JANUARY 17, 2008
Fearful of legal action from groups like Judicial Watch, lawmakers in different parts of the country have abruptly rescinded support for measures that would have benefited illegal immigrants and violated laws in the process.
This week Maryland’s governor withdrew his costly plan to issue separate driver’s licenses to illegal immigrants and legal residents while, across the country in San Antonio Texas, officials blocked their own proposal to open a publicly funded day laborer center to accommodate illegal aliens in search of employment.
The about face by Maryland Governor Martin O’Malley actually reversed a long-standing policy that made the state only one of seven to grant official driving privileges to illegal immigrants, even though federal law requires proof of legal status before obtaining a driver’s license.
O’Malley wanted to adopt a two-tier approach in which applicants who could not document their legal presence in the U.S. would only get a special license to drive in Maryland but not a card that would be accepted as identification at airports or in other states. The plan was projected to cost taxpayers between $60 million and $80 million.

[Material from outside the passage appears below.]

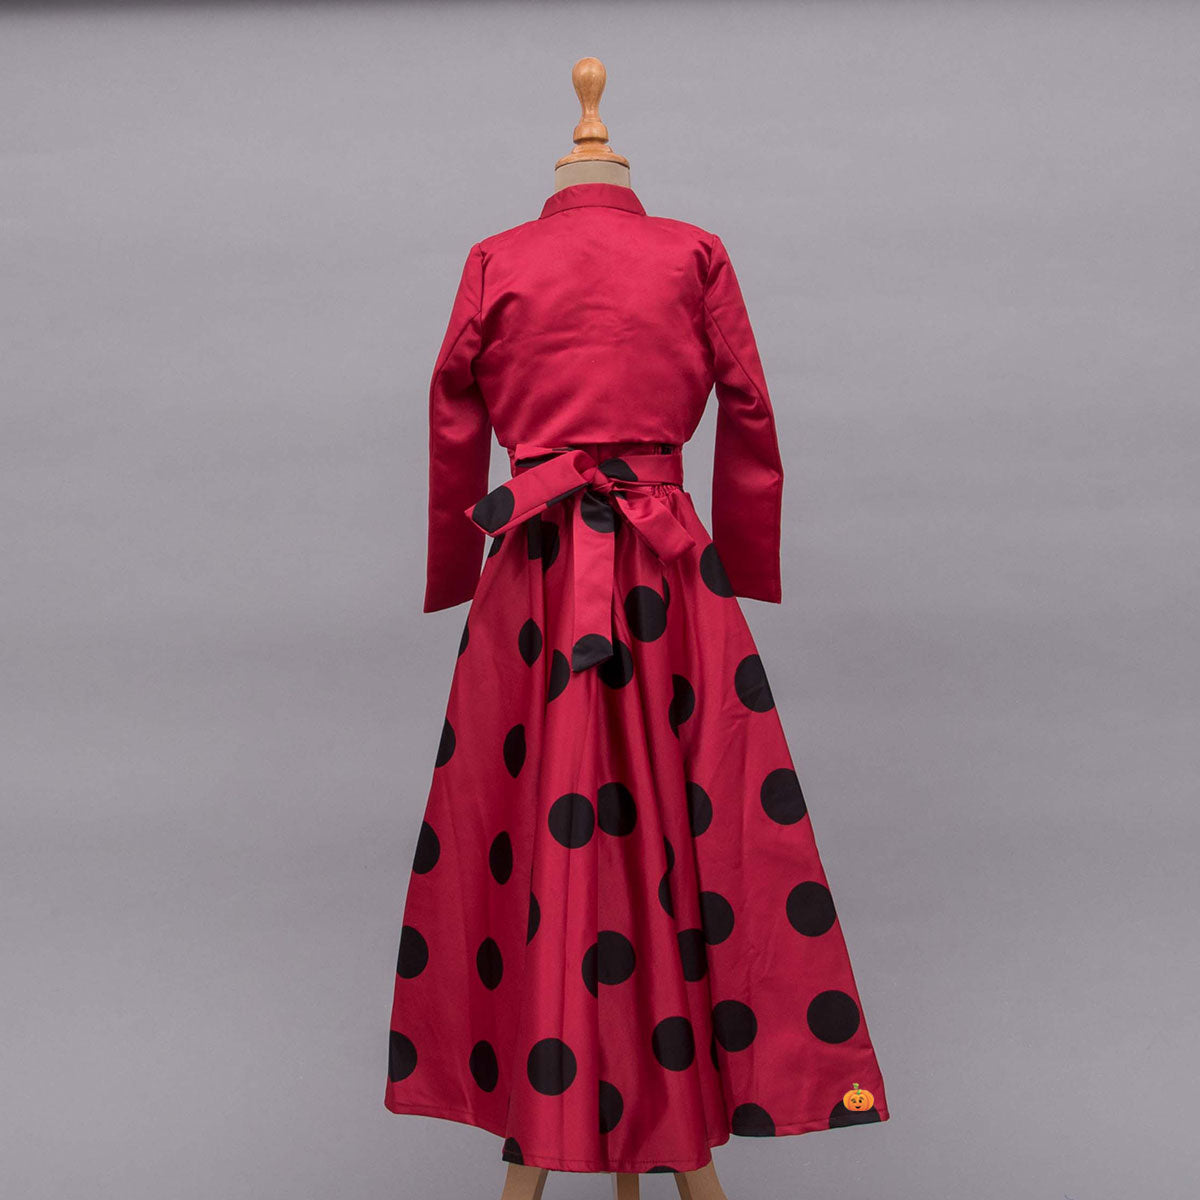 Buy Paul Smith Junior Girls Navy Occasion 'Artist Stripe' Polka Dot Dress  from the Laura Ashley online shop

In San Antonio, officials basically killed a plan to open a publicly funded day laborer center just as the City Council was on the verge of adopting a measure to create the facility where illegal aliens, mostly from Mexico and Central America, could gather and be hired.
Instead the City Council scrapped the plan indefinitely, apparently fearful of costly legal challenges that would ultimately defeat the measure anyways. Judicial Watch sued the town of Herndon, Virginia, on behalf of U.S. taxpayers, for opening a day laborer center that was eventually shut down by the legal challenge. A similar Judicial Watch lawsuit is still active against Laguna Beach, California, which operates its day laborer center with public money.